Kari Cholnoky: Motherboard

Oct 8 - Oct 15, 2020

Platform Los Angeles

An unfamiliar figure surfaces in a few of Kari Cholnoky’s recent paintings. I wonder if this is something that could be found somewhere on my body. A puckered asshole? A certain cell, viewed through a microscope? Maybe the figure is a sea anemone, just after being prodded. Kari tells me it is a microscopic organism that is the earliest-known ancestor of humans. Saccorhytus. Its anus and its mouth are the same thing. “That’s me,” she says. Yet Cholnoky is ill at ease in the role of the author. She wants to recede into the background, just another object, like the things that cover the surface of her canvases, as if adopting the dominant color palette might confer a sense of belonging. But these things never seem to succeed at mimicking their neighbor. They’re like a bashful chameleon, twisting in the halo of an interloper’s flashlight. In trying to fit in, they end up standing out.

Kari Cholnoky’s paintings explode with visual information, yet remain oddly contained, almost scientifically precise within the formal systems they propose. These are canvases so packed with material that the soft boundaries at their periphery are under perpetual duress. It’s as if every empty margin, void, sliver of a stabilizing ground, compositional gap, is filled to the point of utter eradication. There is no silent passage before the cymbal crash—only crash. Unable to hold back, they jut forward, bursting at the seams. Cholnoky is a painter but paint is rarely her primary medium. Instead, she paints with things, with images of things. She reaches for what feel like the leftovers of a closed down craft store, the synthetic scraps that remain strewn about the aisles after the blowout sale. In this way, Cholnoky adopts a postwar attitude toward image-making—one that seeks alternative material as it reckons with the contemporary body.

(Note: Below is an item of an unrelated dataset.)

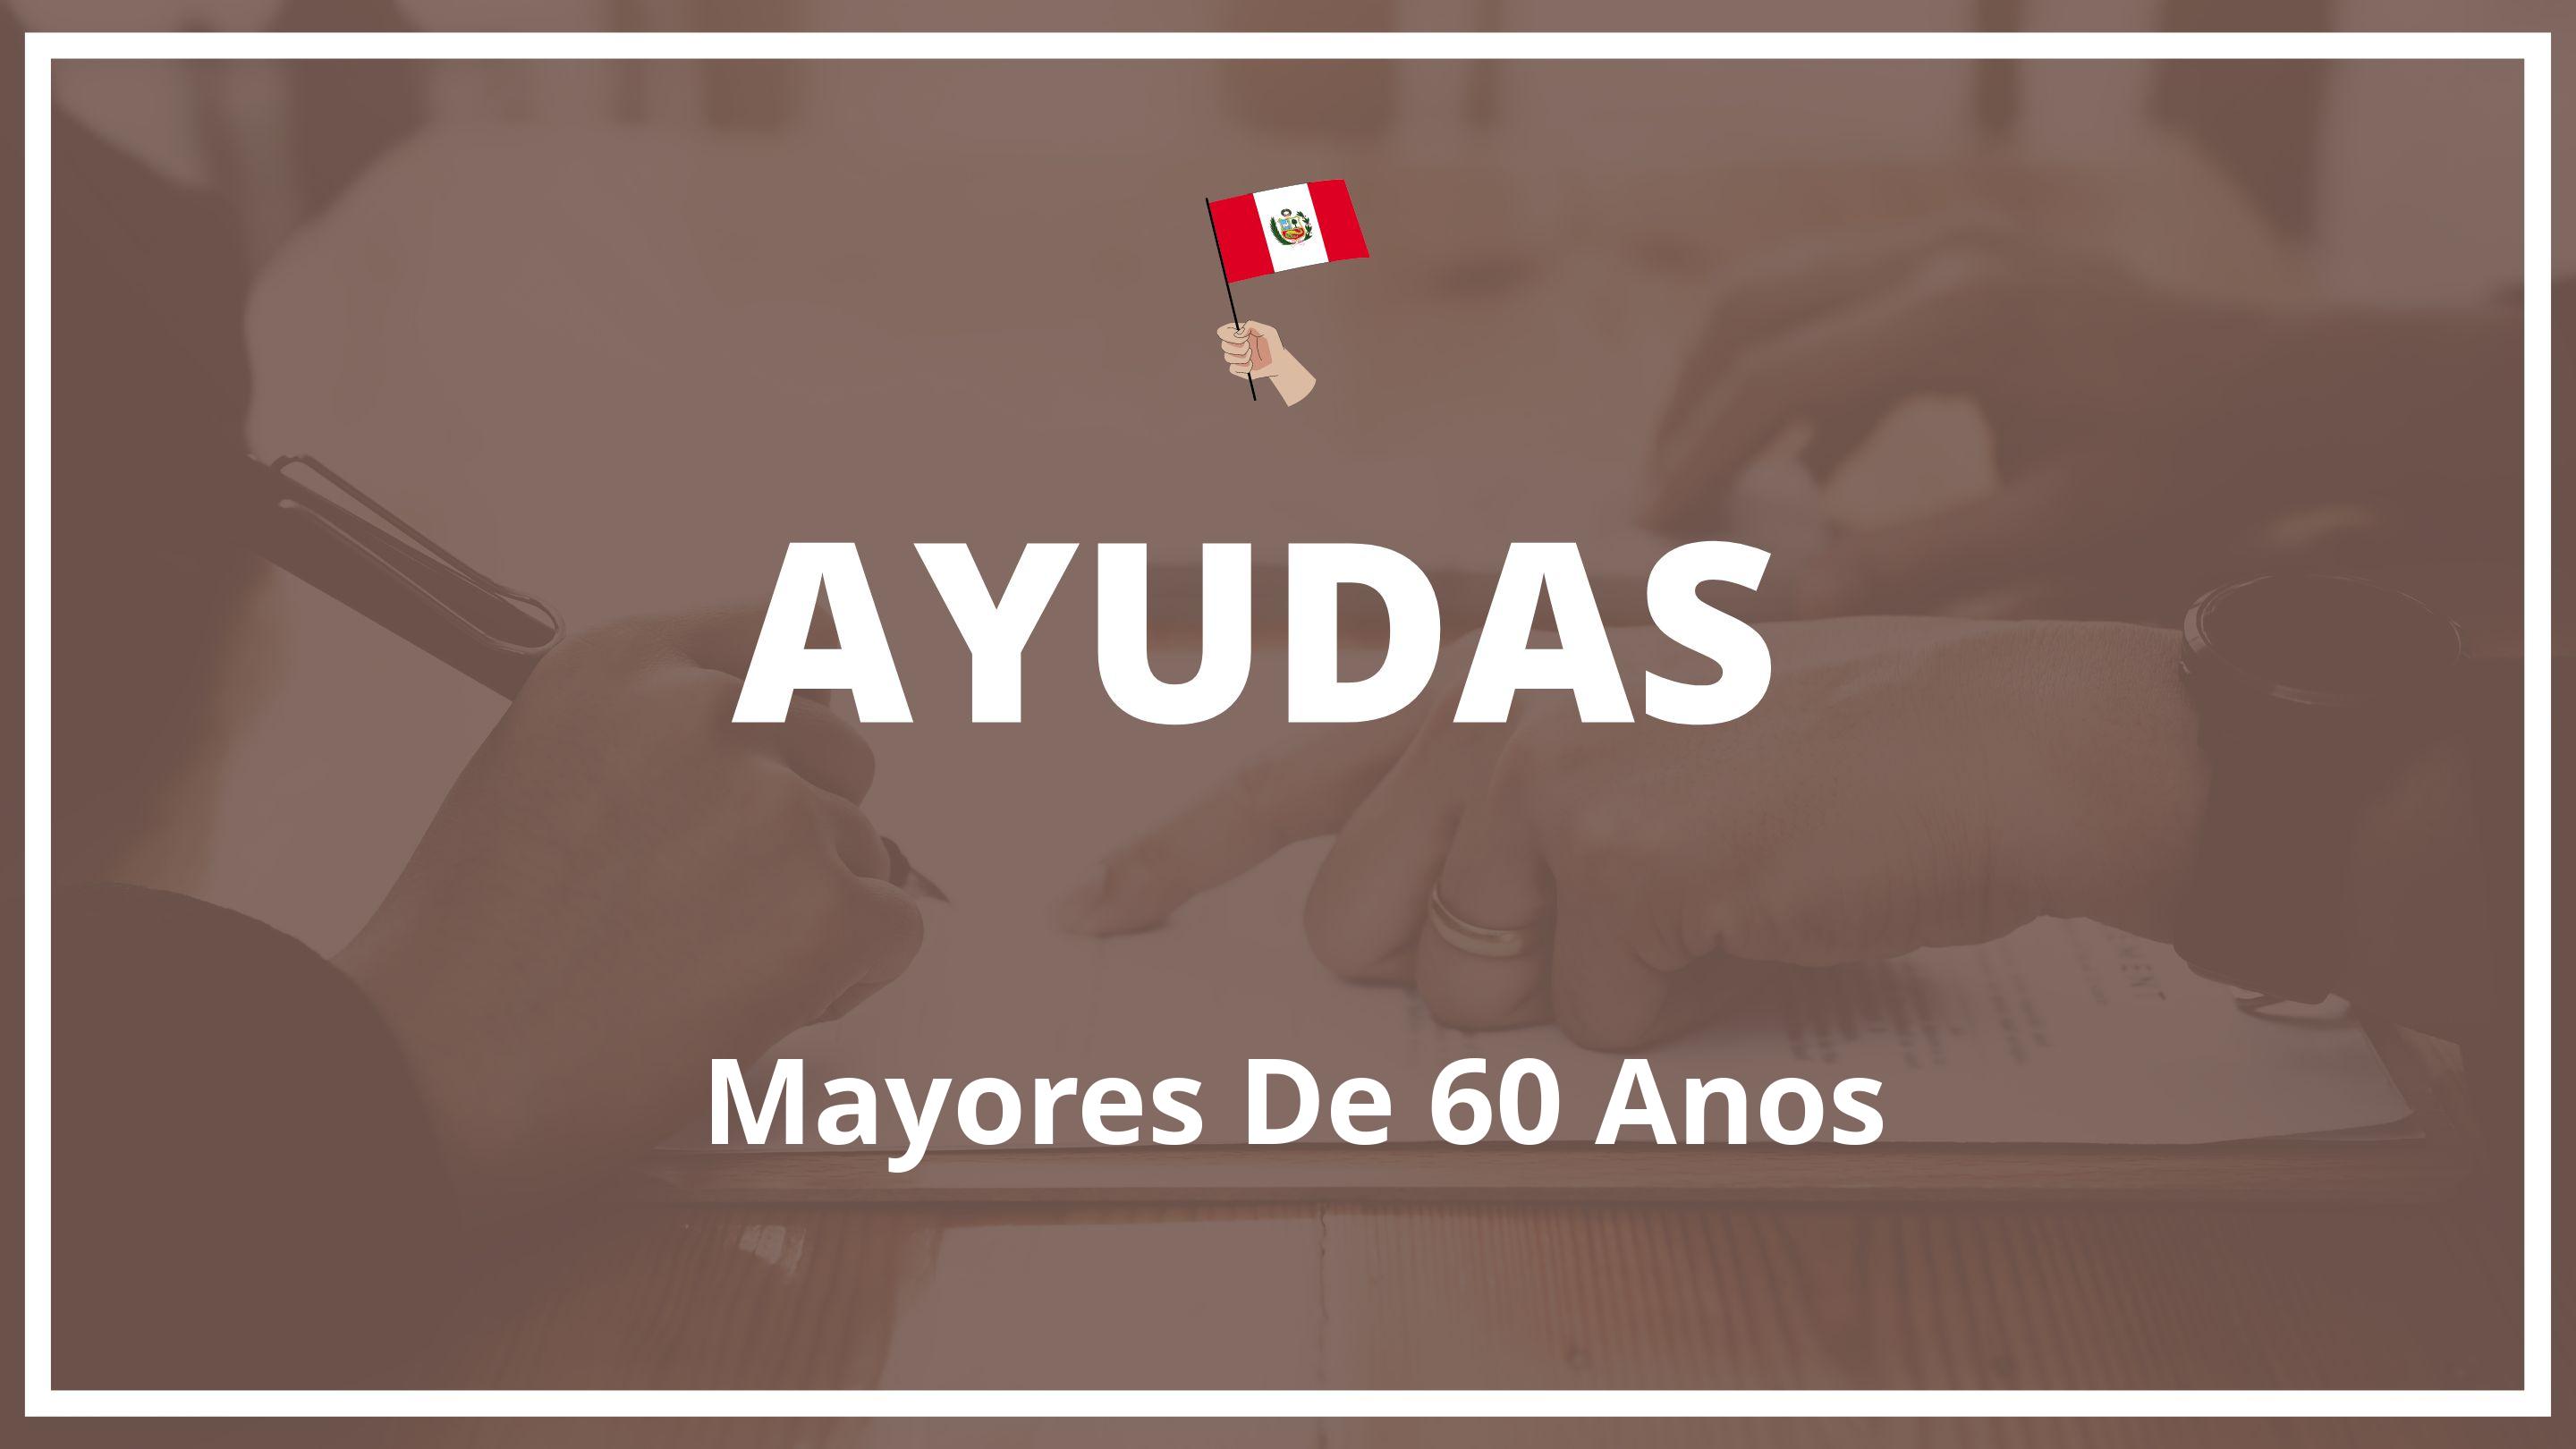 Ayudas para mayores de 60 años Peru

Evoking systems of collection, dispersion, cargo and filtration, the works seem to originate systematically with a color pattern derived from the intricate pathways of circuit boards, terminals and digital interfaces. They seem to suggest a through line between the day-glo canvases of Peter Halley and a mountain of e-waste in Moradabad. In time, the paintings have unraveled from neglect, giving rise to the sort of alternative use value mold spores confer on two-week old takeout, rotting in the fridge. Or maybe the opposite is true, and their beleaguered materiality is the product of just too much attention. Utterly synthetic, they oxidize. What’s left is a rusty sparkle.

The paintings find their paternity in the teeming canvases of David Salle and Lari Pittman. The cartoon woman is a consistent figure for the three painters. In Cholnoky’s case, these are not actual women, but rather, fleshlights, masturbators, and machines with women’s names, like the “Screaming Mimi,” a WWII smoke mortar. In “Multiple Launch Display Ejector,” Cholnoky confronts the viewer with a pair of bulging breasts, the color and shape of green M&Ms, pressed forward by cartoon hands, as if to say, “which are more real, anyway?” The artist calls our attention to the perversity of capitalist body horror, as she culls images from Amazon ads for sex toys. These silicone women are all breasts, mouth, hole. They are a Cindy or a Barb, no torso required, happily, mindlessly, ceaselessly engaged. As an image-maker, she is in fact a true descendent of the Saccorhytus, bound to consume while she creates, chewing up and spitting out all that crosses her path.